RESOLVED FIXED 200329
[JSC] Support WebAssembly in SamplingProfiler
https://bugs.webkit.org/show_bug.cgi?id=200329
Summary [JSC] Support WebAssembly in SamplingProfiler
Yusuke Suzuki
Reported 2019-07-31 18:40:35 PDT
Currently, sampling profiler does not list up wasm functions.

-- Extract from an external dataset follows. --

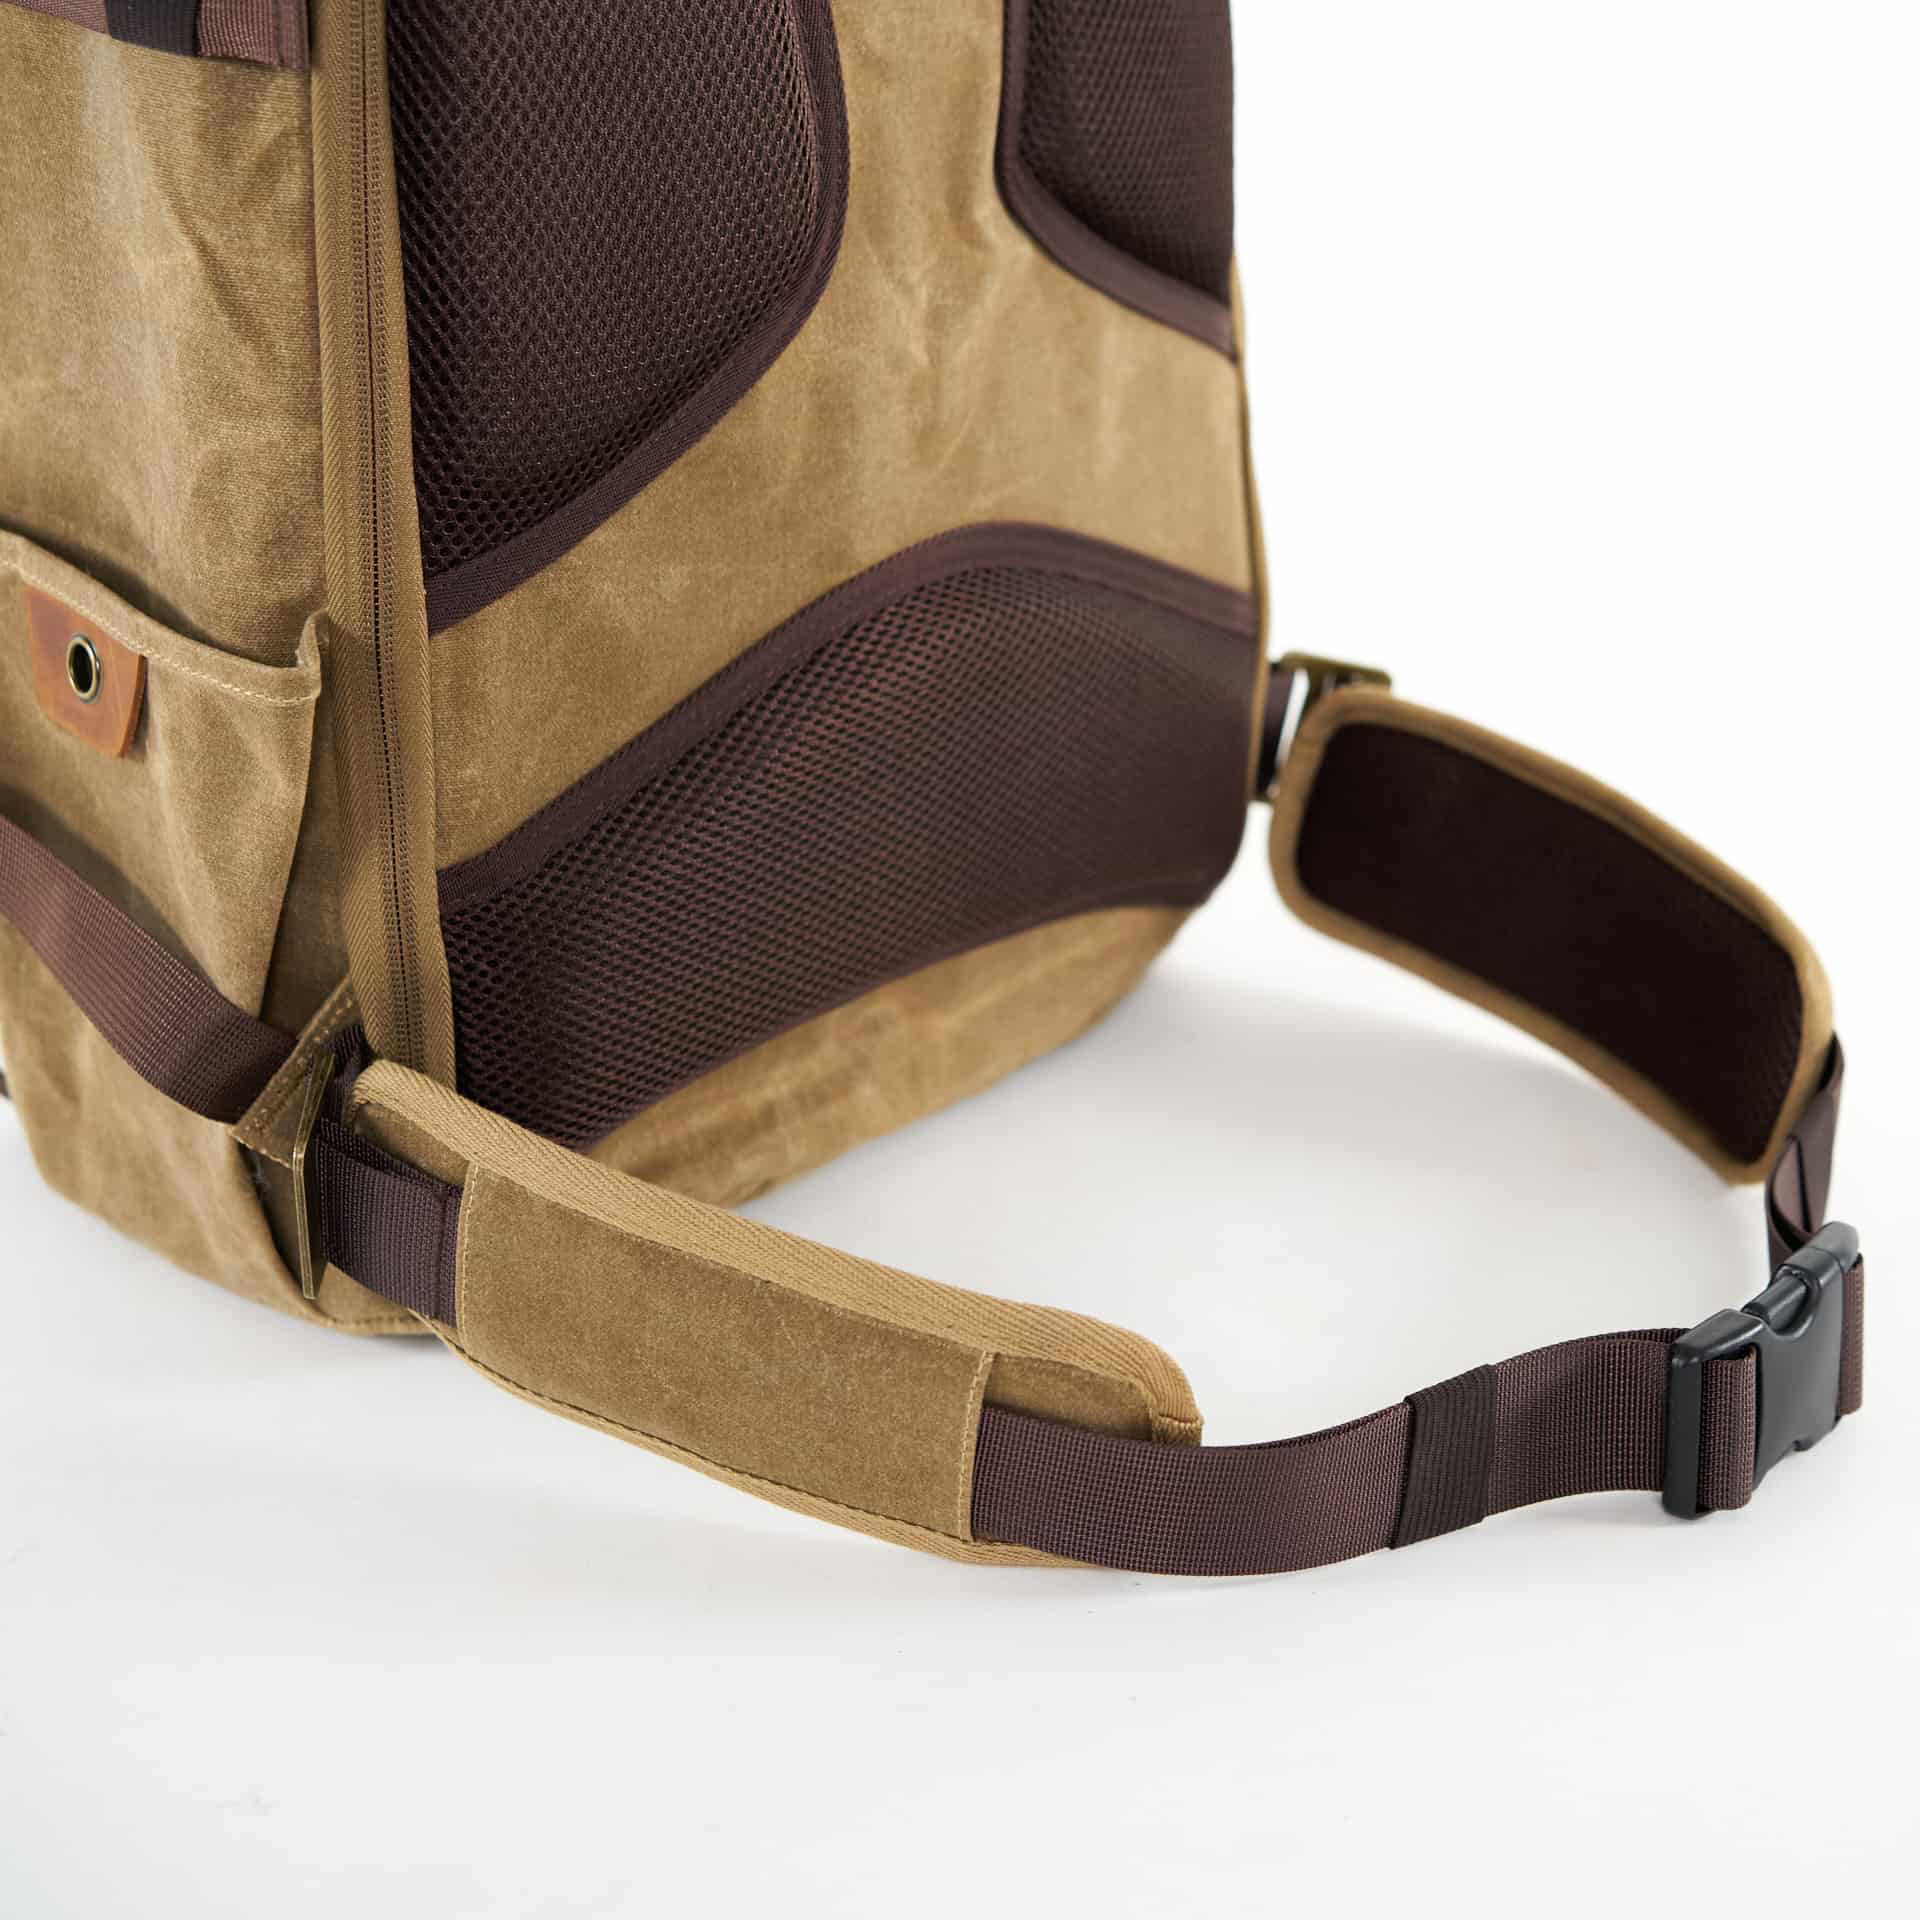 XVI SUNNY 16 Detachable Waist Belt Straps for Travel Camera Backpack Black 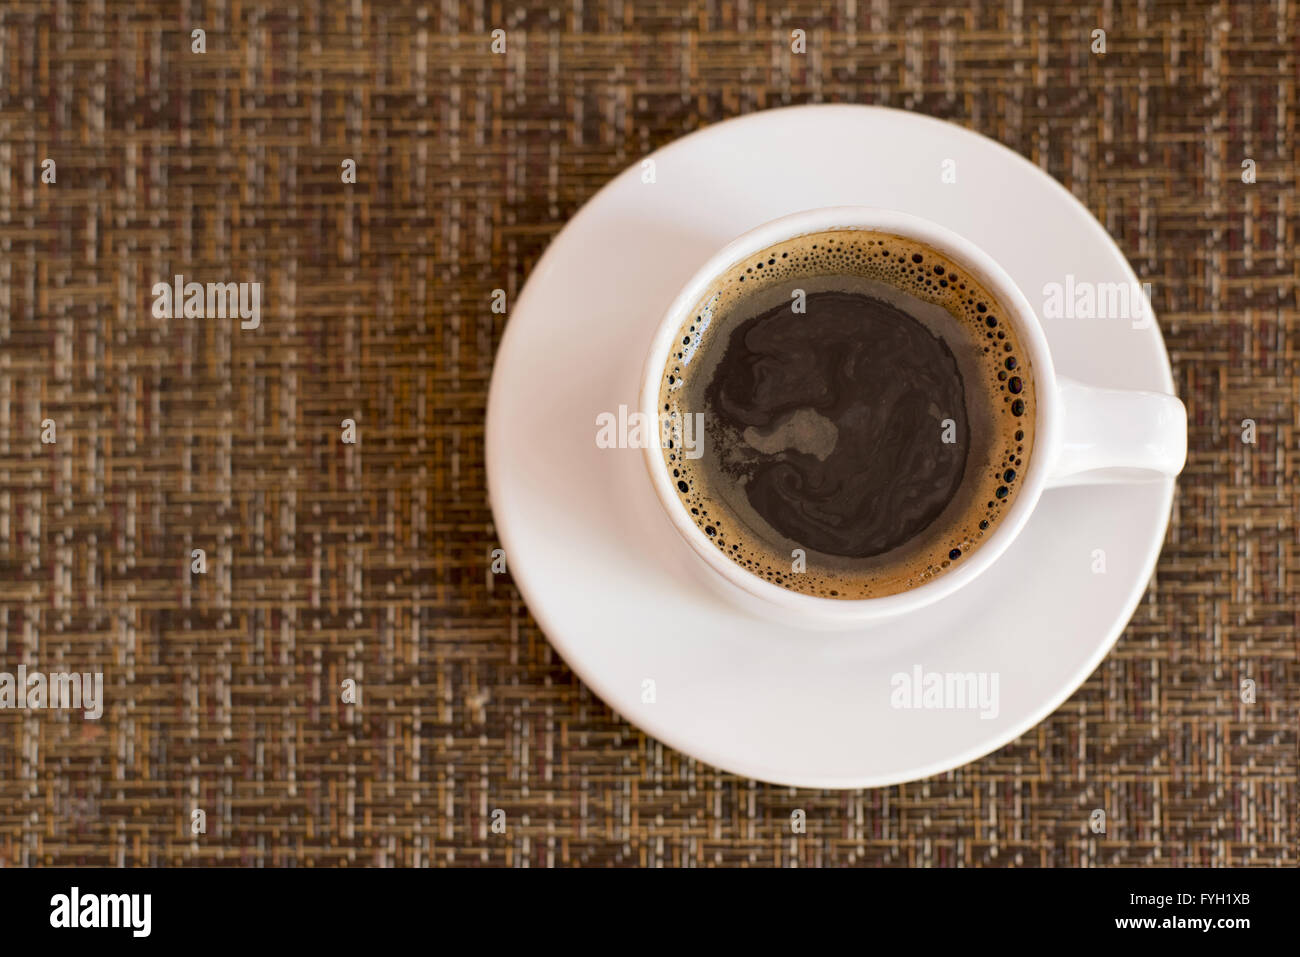 Draufsicht der dunklen Kaffee in weiße Becher und Teller auf Tabellenhintergrund Wicker Textur. Stockfoto

We should do that to investigate JetStream2 wasm benchmarks performance bottlenecks.
Attachments
Patch (47.38 KB, patch)
2019-07-31 22:15 PDT, Yusuke Suzuki
no flags
Patch (64.67 KB, patch)
2019-08-01 00:26 PDT, Yusuke Suzuki
no flags
Archive of layout-test-results from ews115 for mac-highsierra (3.12 MB, application/zip)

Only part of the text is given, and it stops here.